» REQUIREMENT: Print the data below verbatim, minus images.

» INPUT DATA:

== == ==

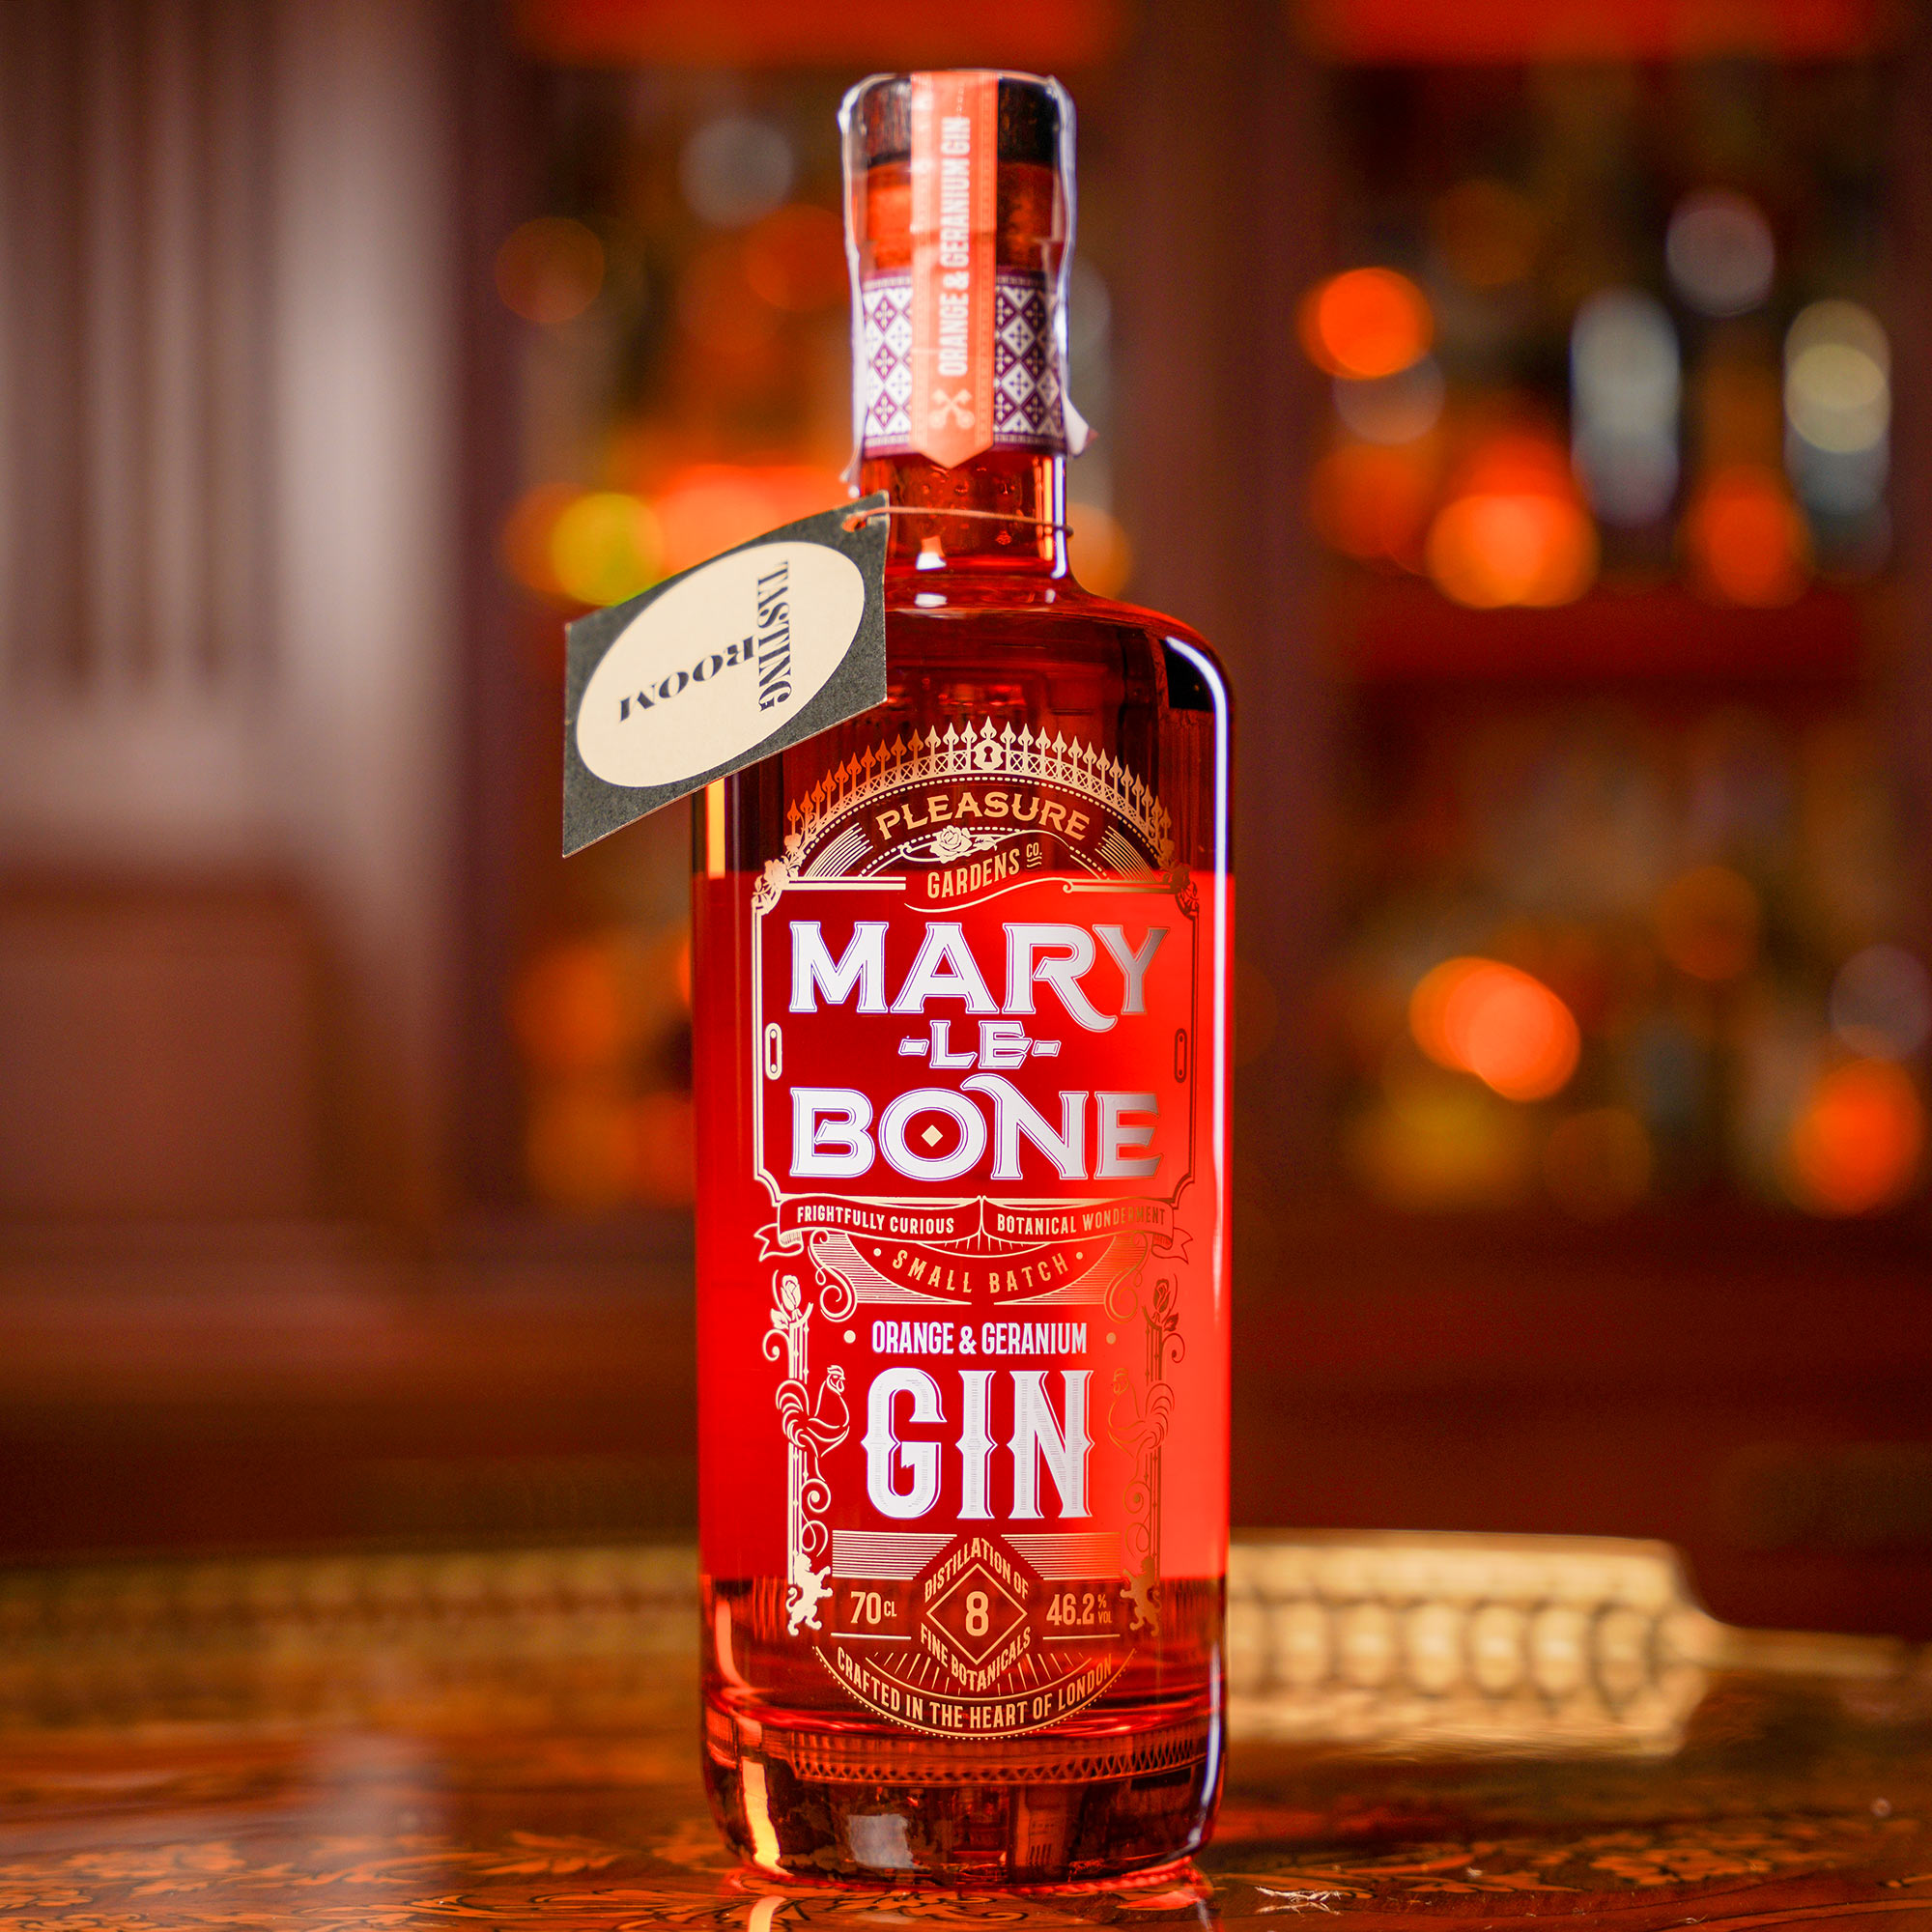 Marylebone Orange and Geranium Gin /Джин Мери ле Бон Портокал и Здравец
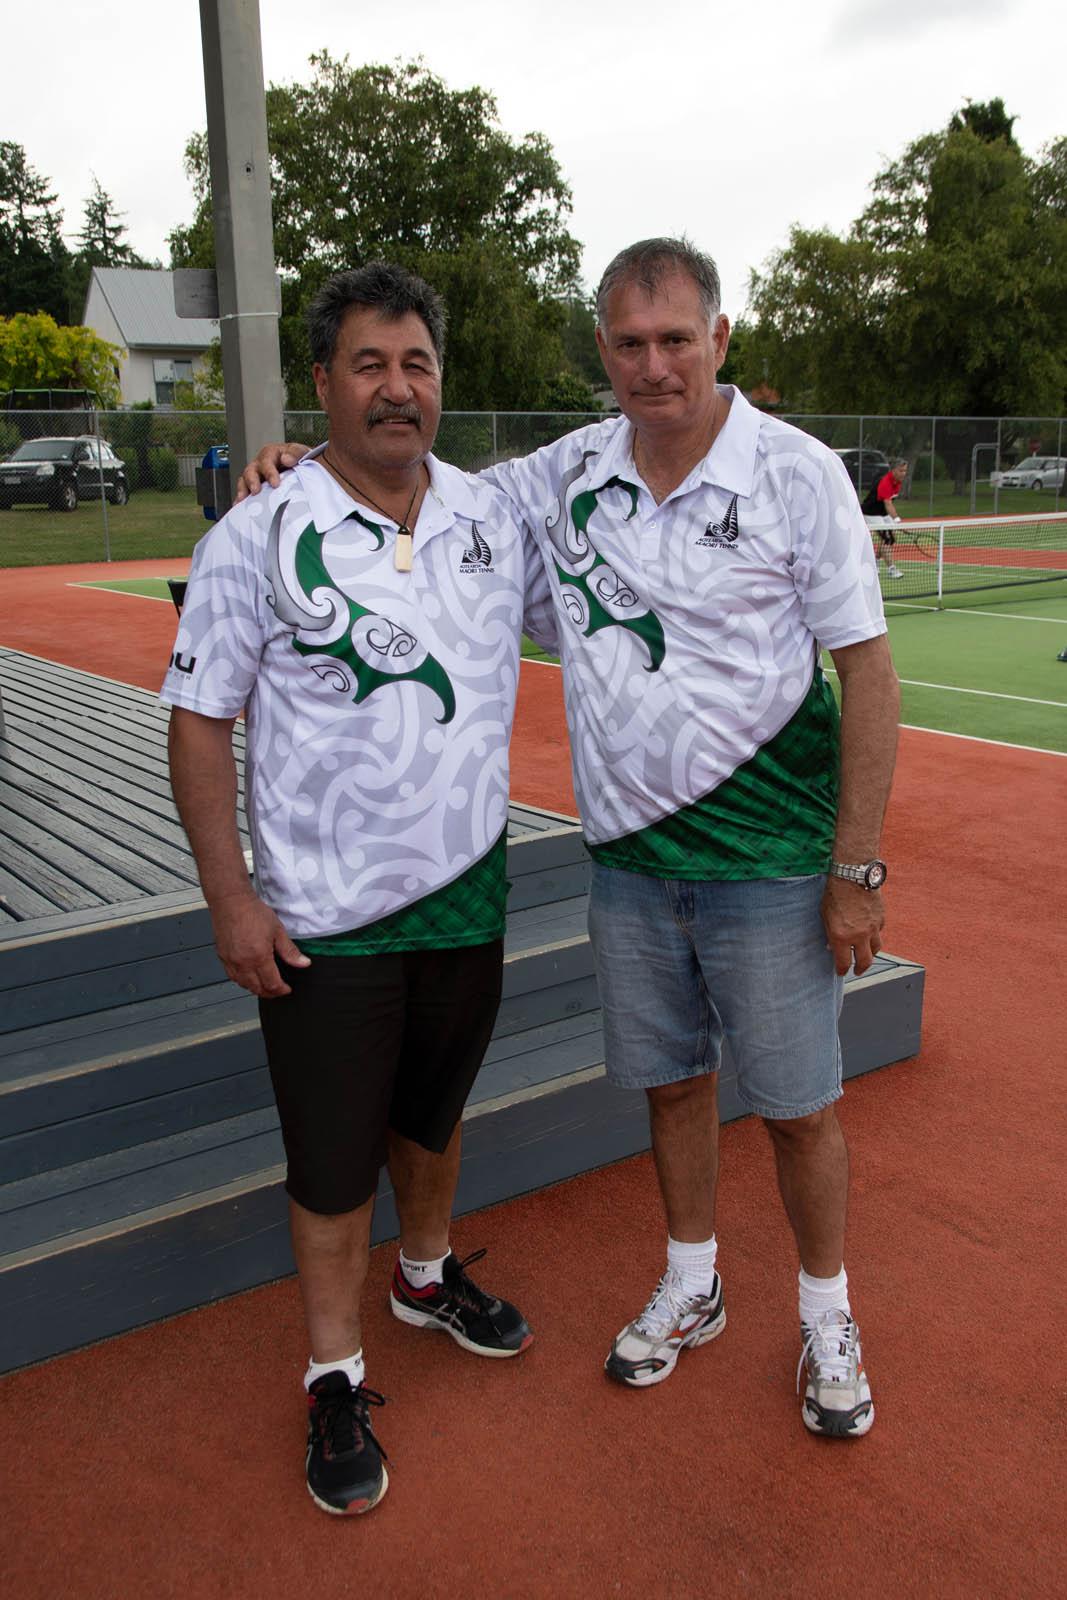 Integration QA 60-69 Mens Doubles Joint Winners Greg Johnson and Martin Wepa
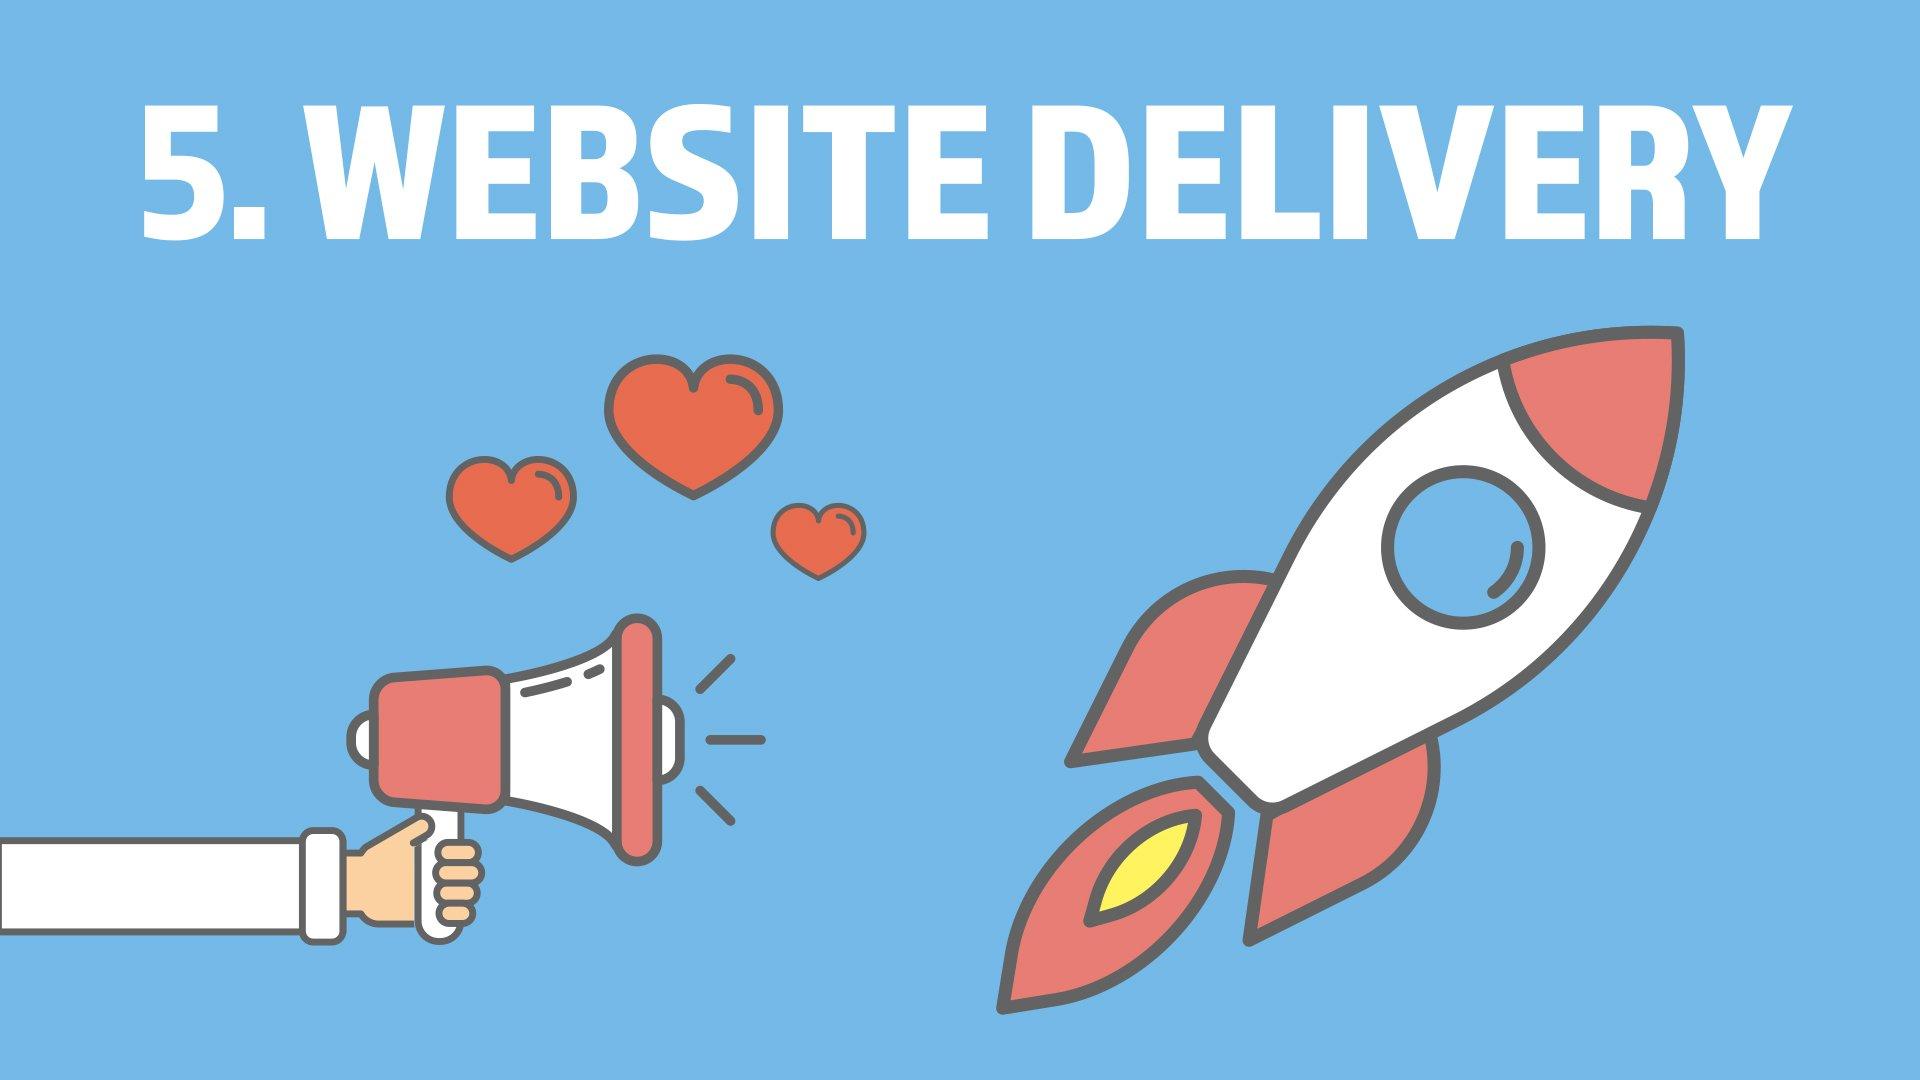 5. Website Delivery

== == ==

» RESPONSE TO THE TASK:
 Marylebone Orange and Geranium Gin /Джин Мери ле Бон Портокал и Здравец
 Integration QA 60-69 Mens Doubles Joint Winners Greg Johnson and Martin Wepa
 5. Website Delivery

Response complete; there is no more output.